> Data below:

^^^^^^^^^^^^^^^^

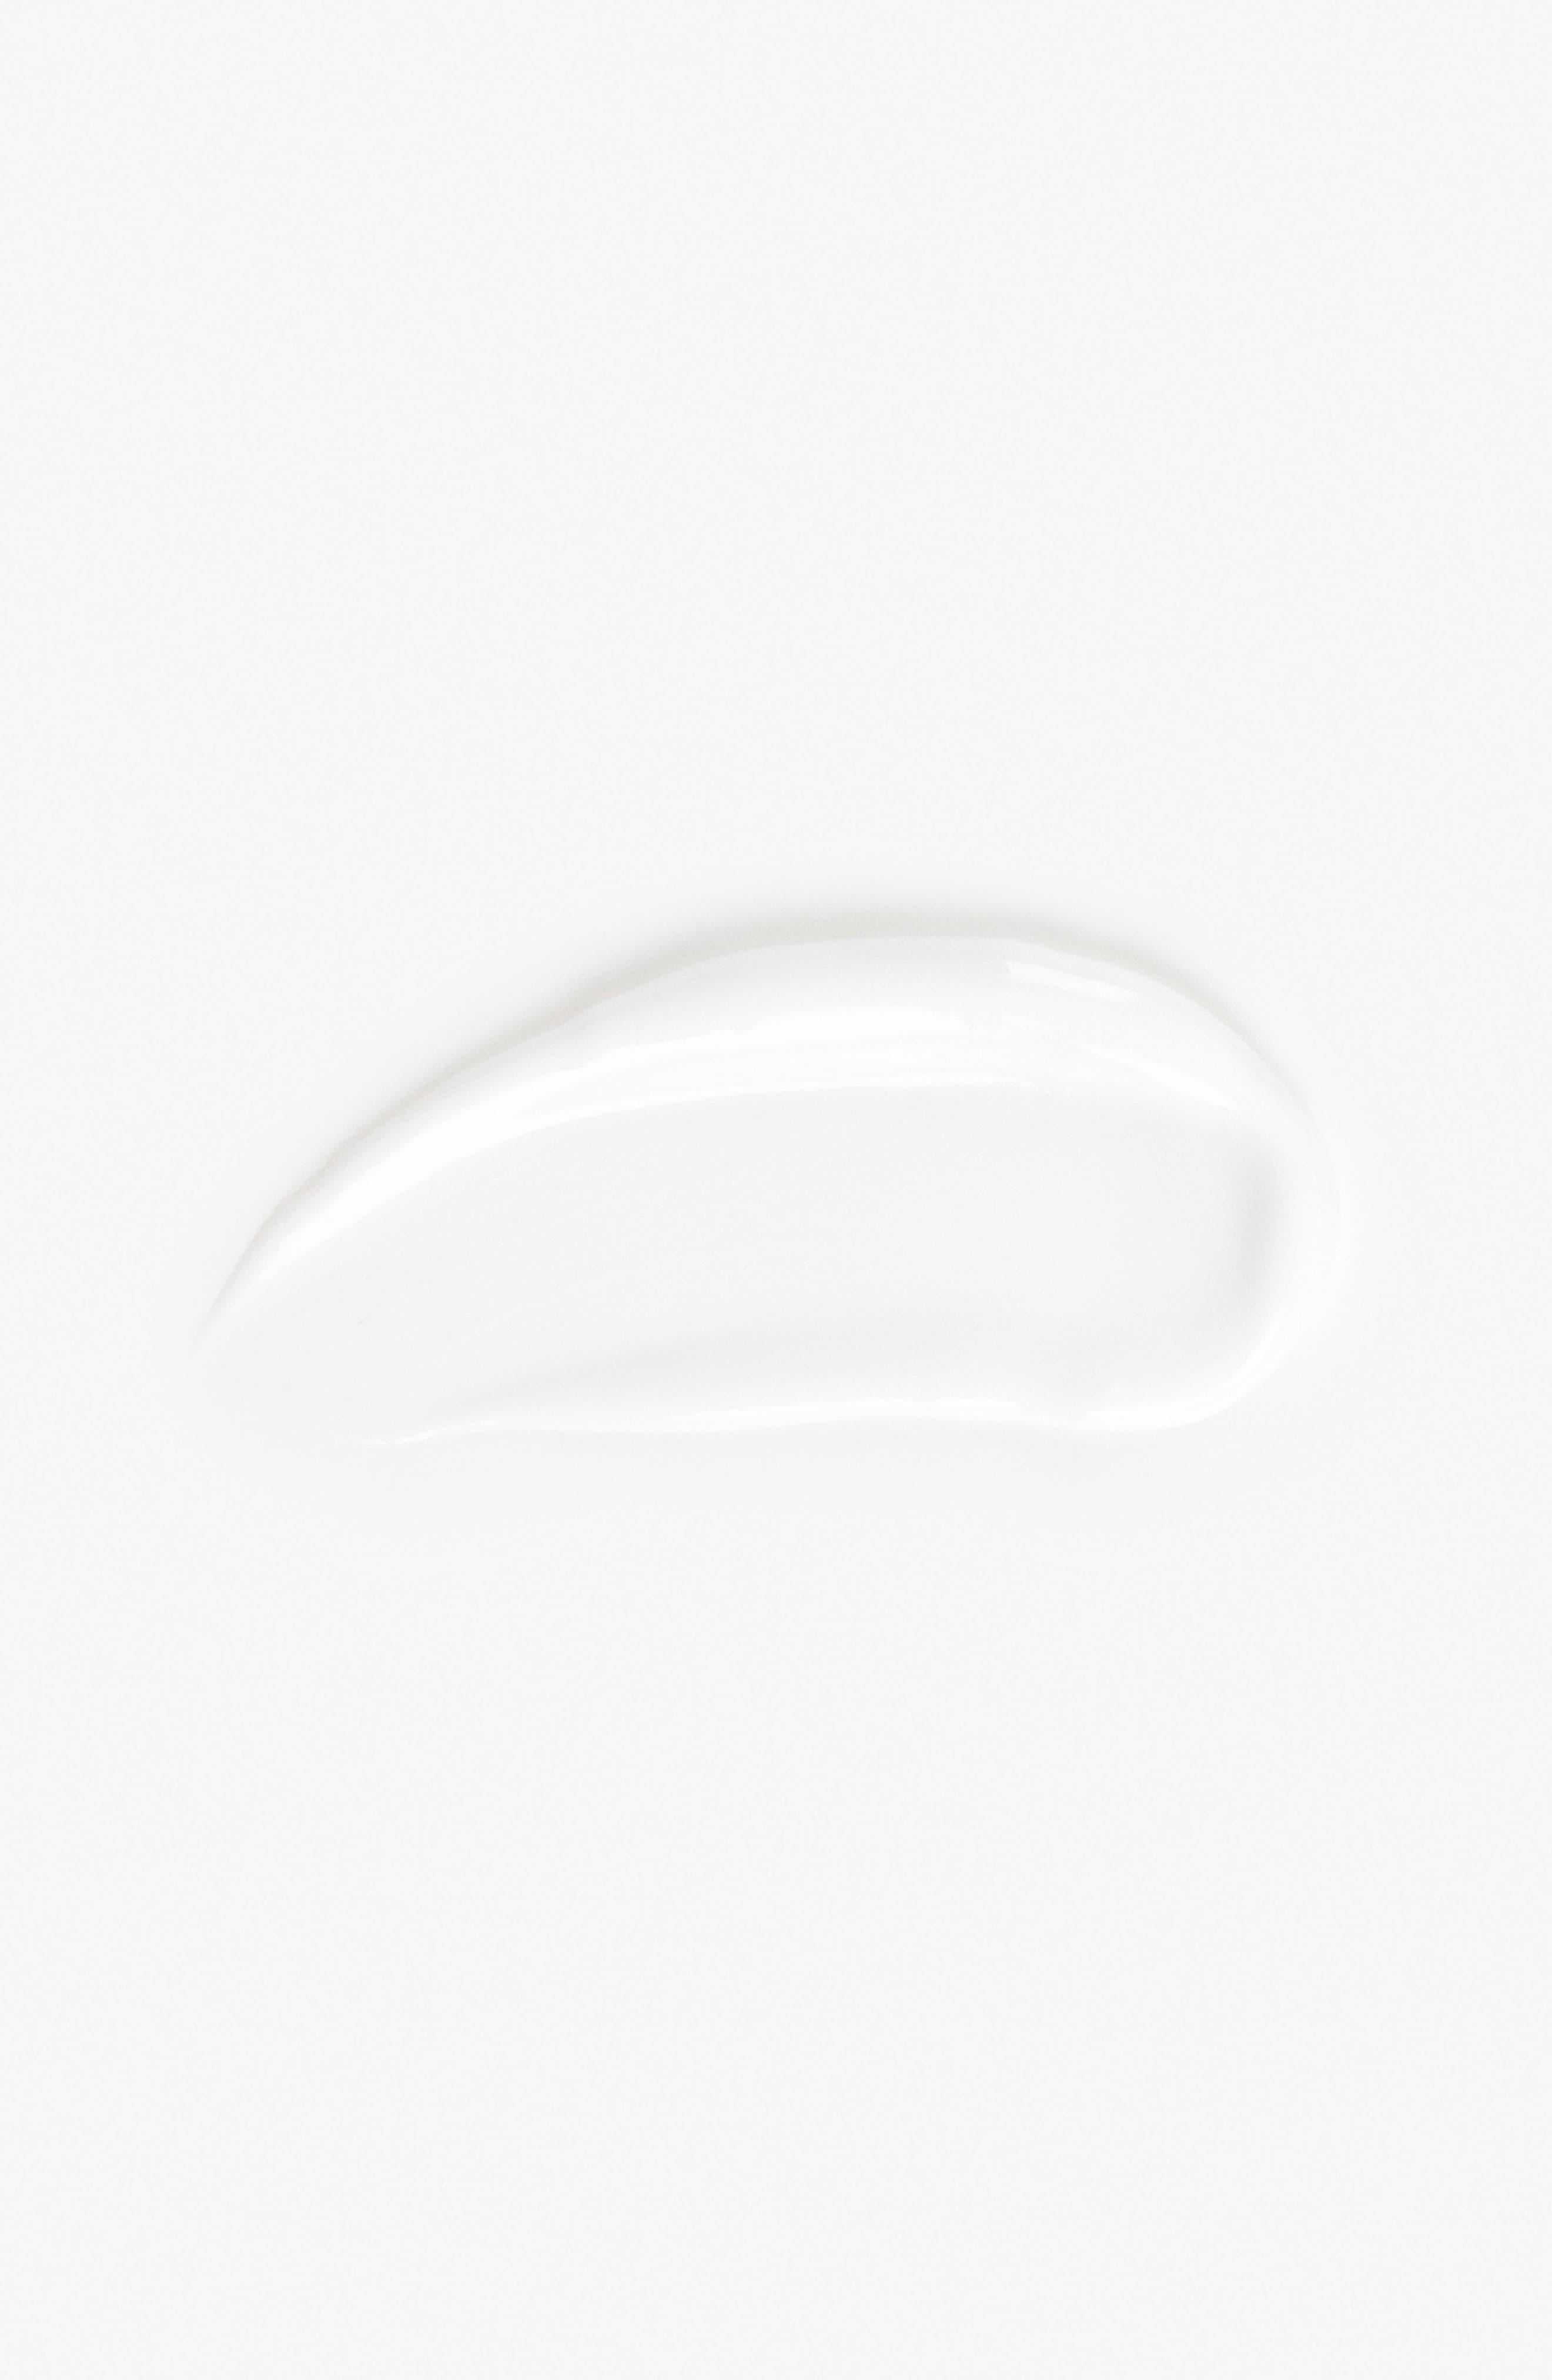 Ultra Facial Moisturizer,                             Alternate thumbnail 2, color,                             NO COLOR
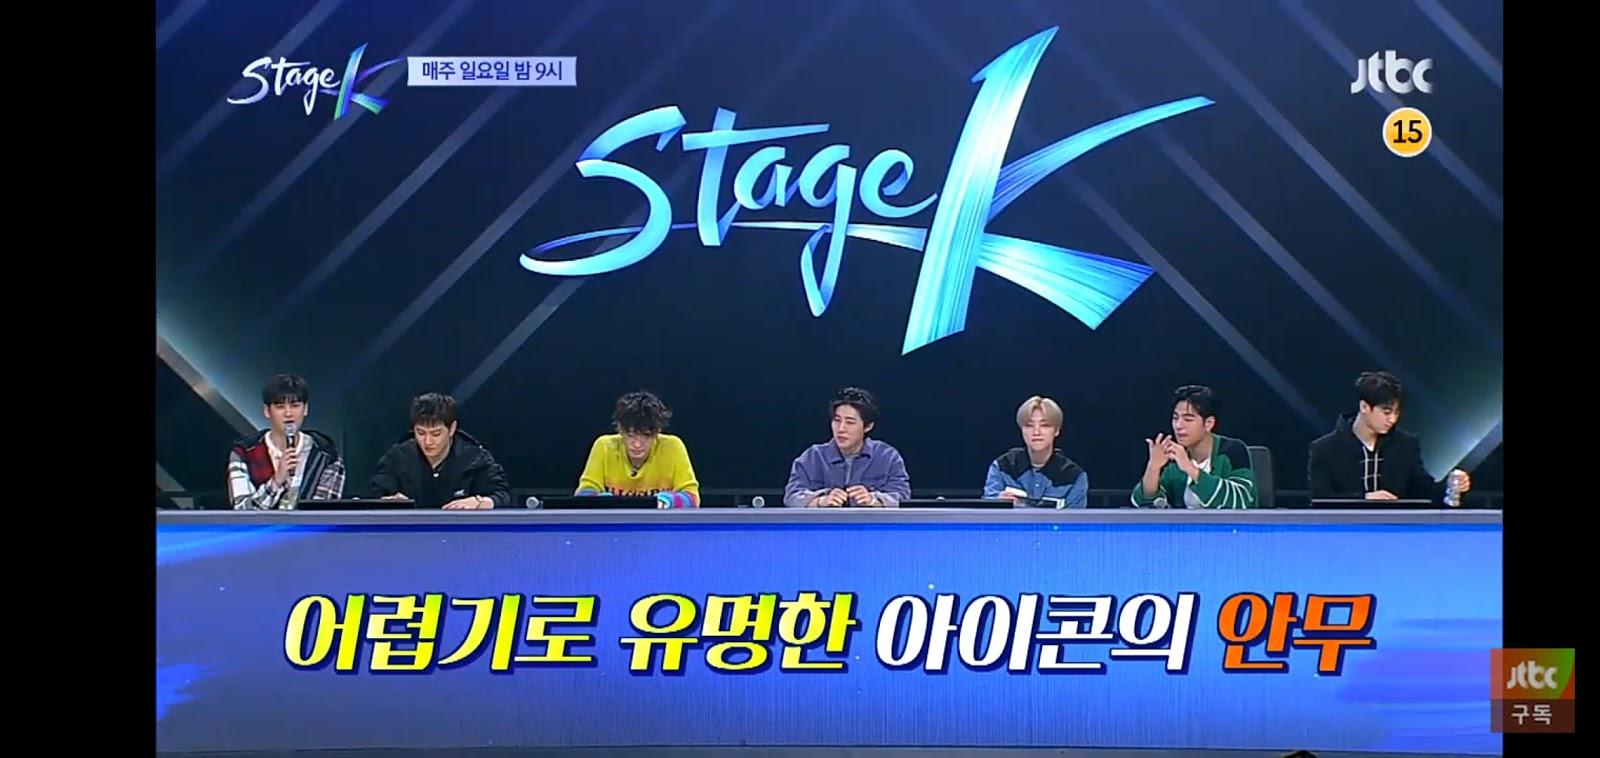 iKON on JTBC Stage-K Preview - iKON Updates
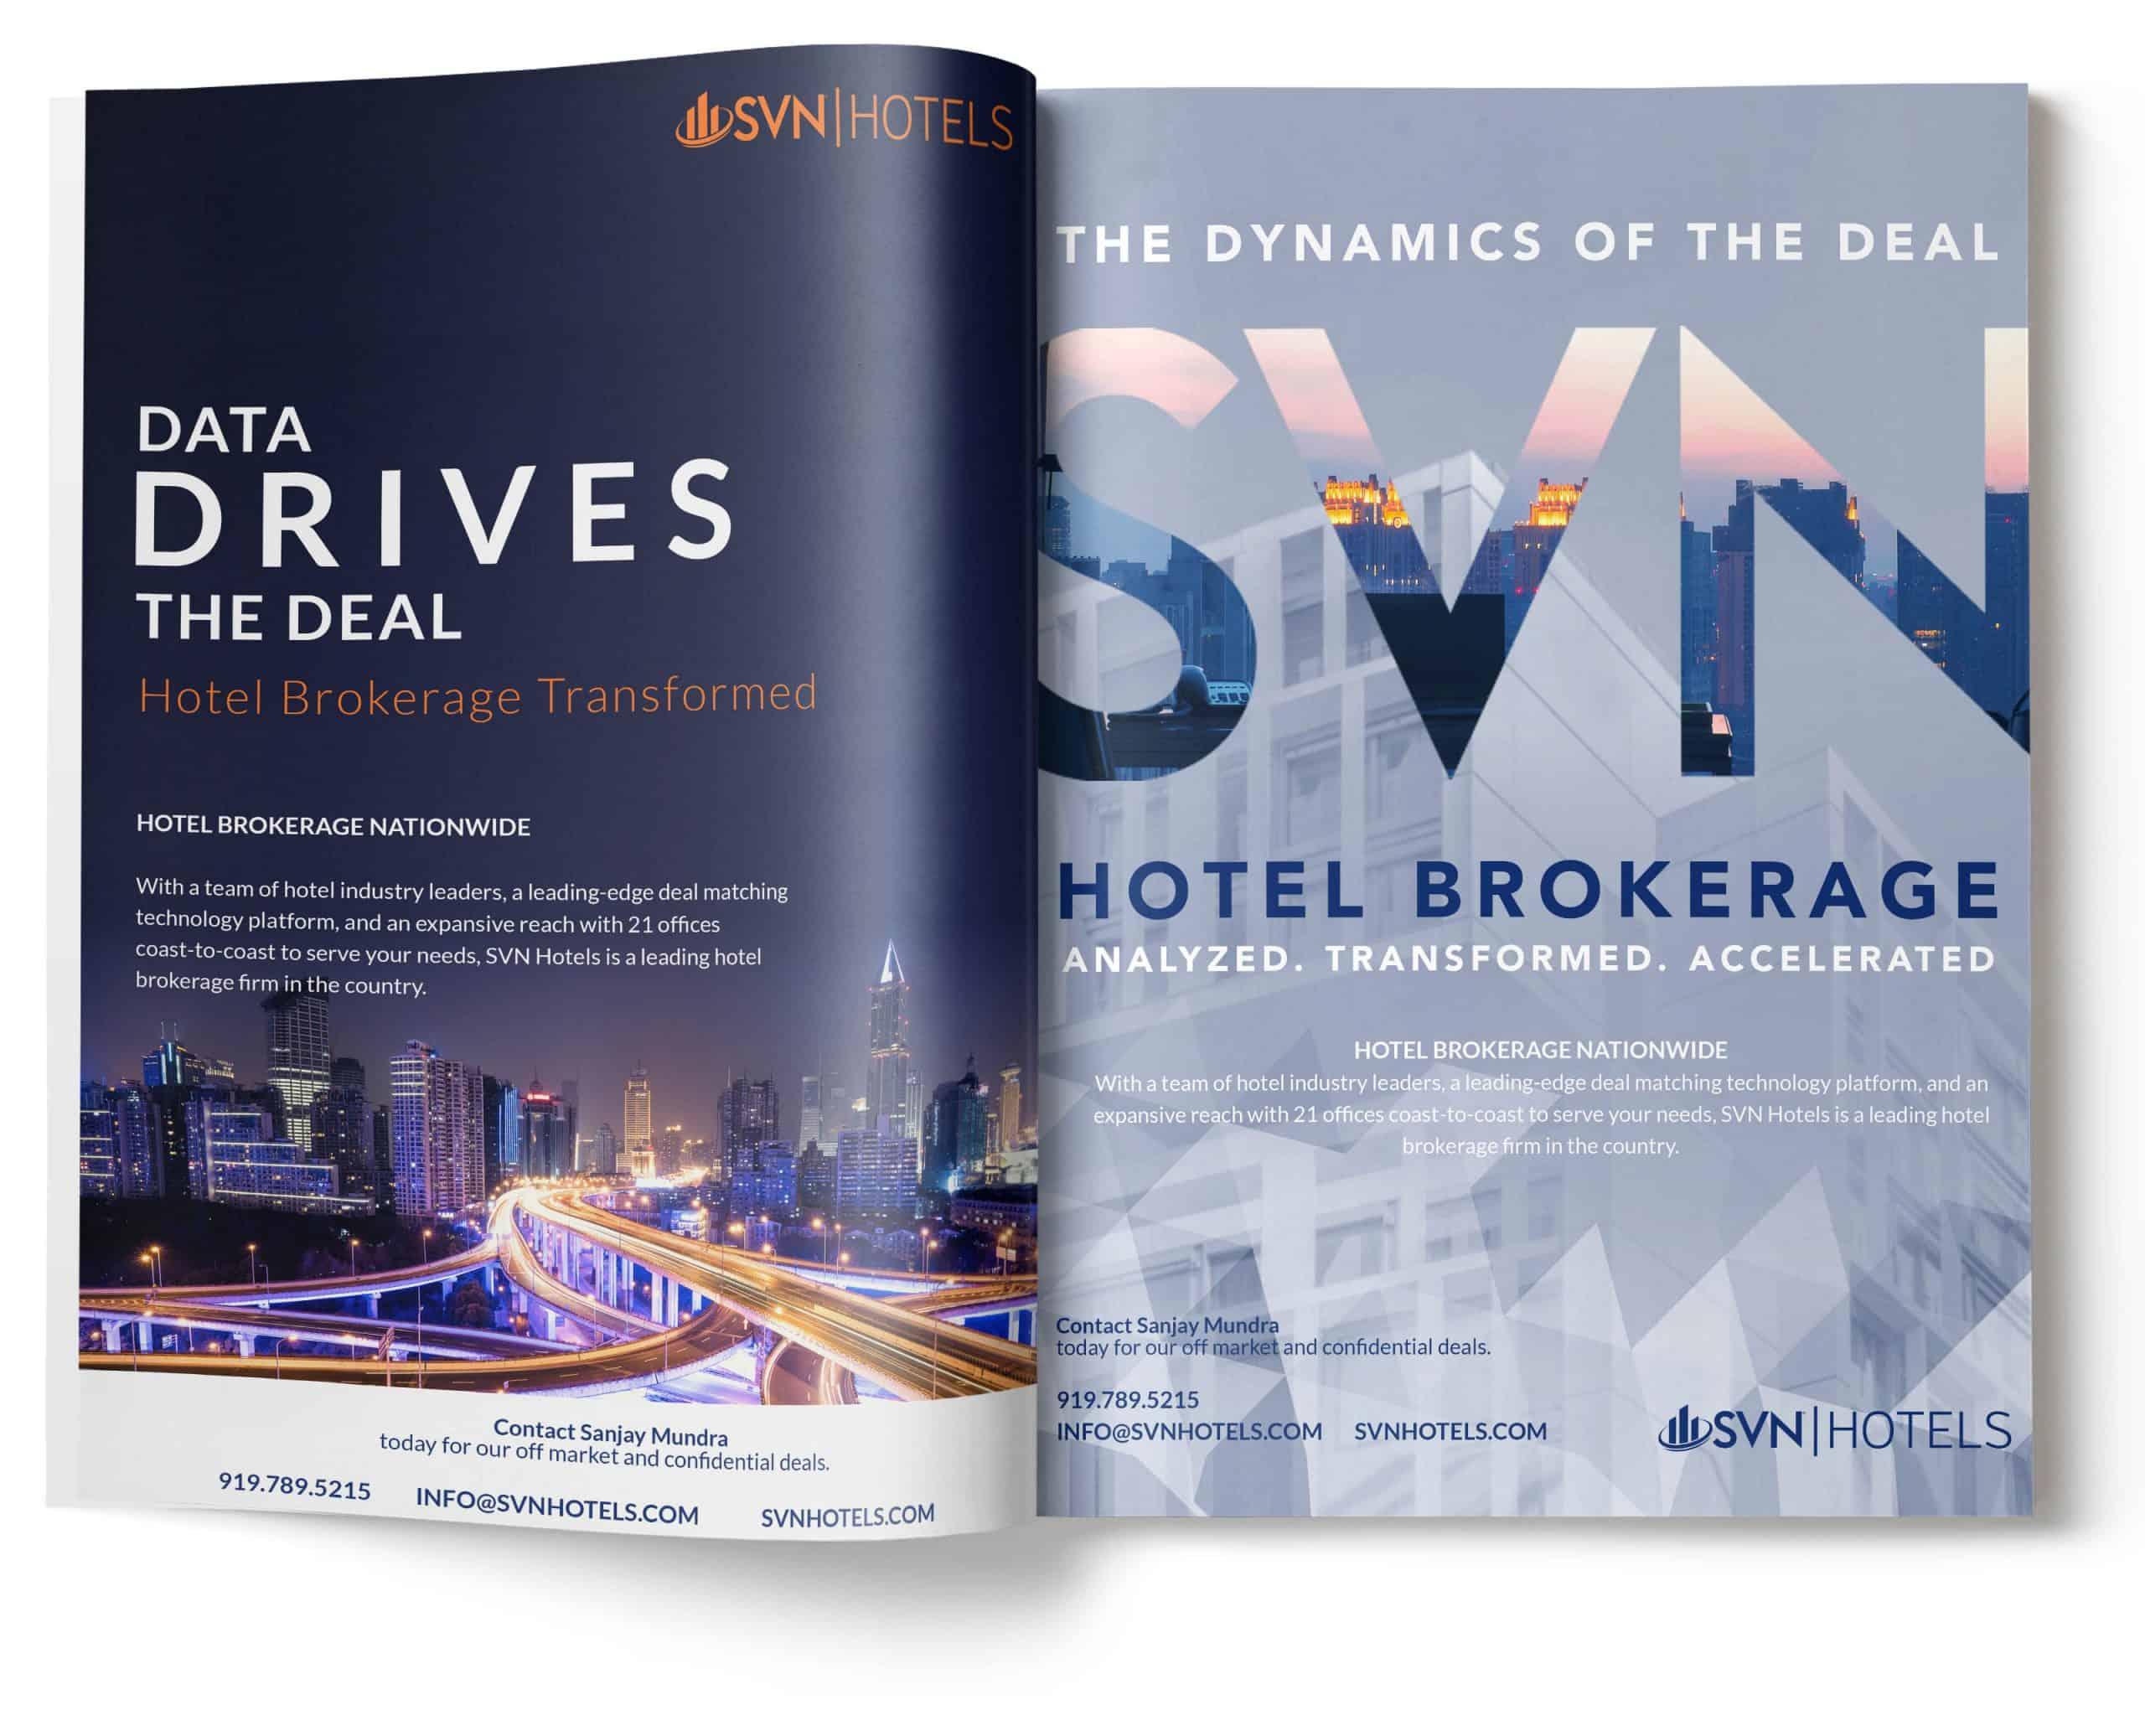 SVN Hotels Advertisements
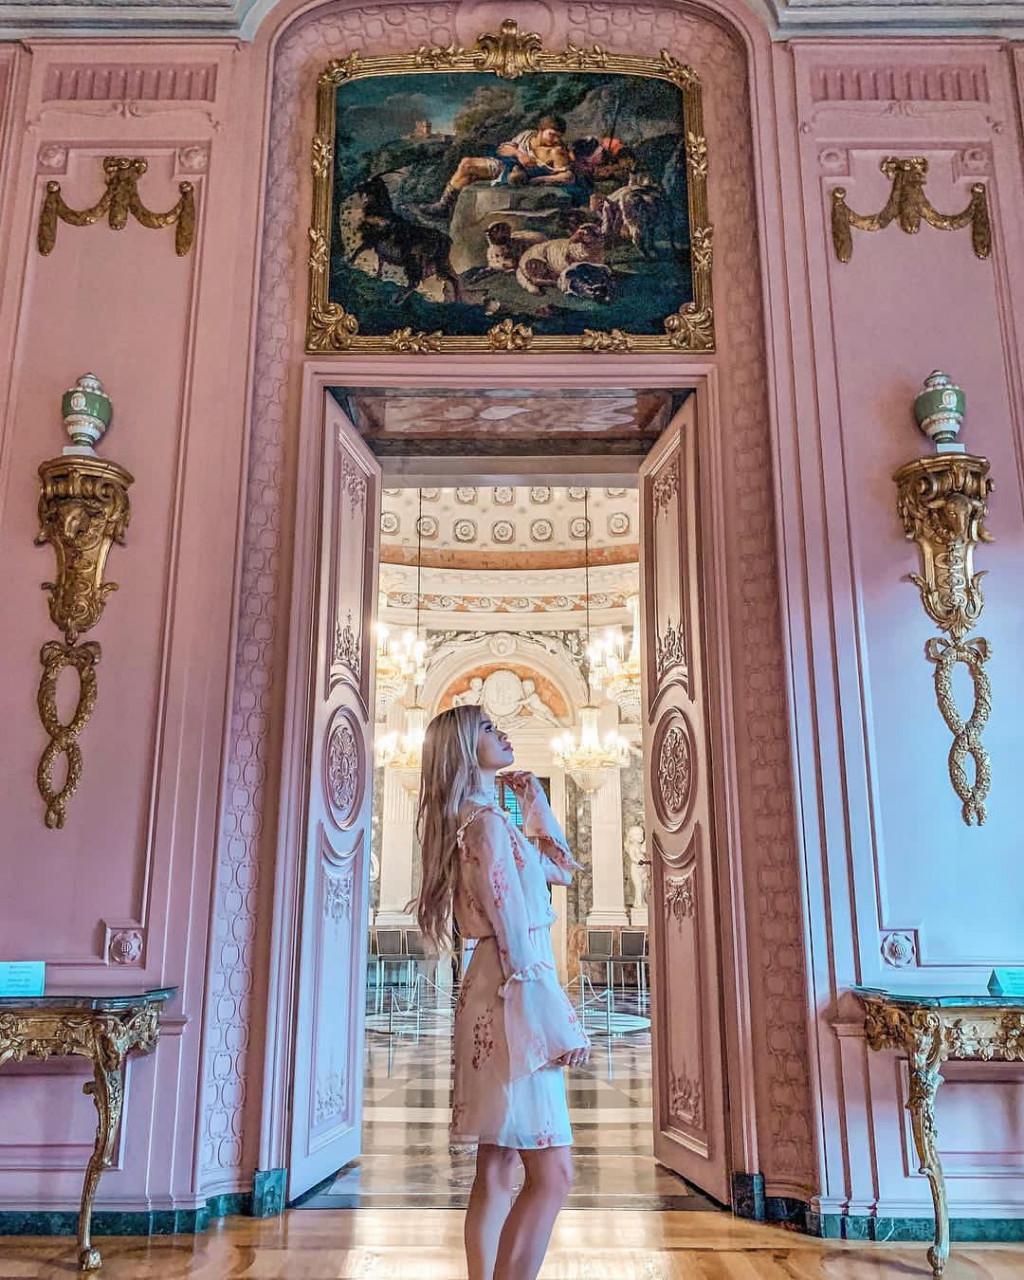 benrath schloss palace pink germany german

^^^^^^^^^^^^^^^^

> Aim of the task:
Within the listing above, find the line containing "iKON on JTBC Stage-K Preview - iKON Updates", then print it and every line after it exactly, leaving out pictures.

> Reply:
 iKON on JTBC Stage-K Preview - iKON Updates
 SVN Hotels Advertisements
 benrath schloss palace pink germany german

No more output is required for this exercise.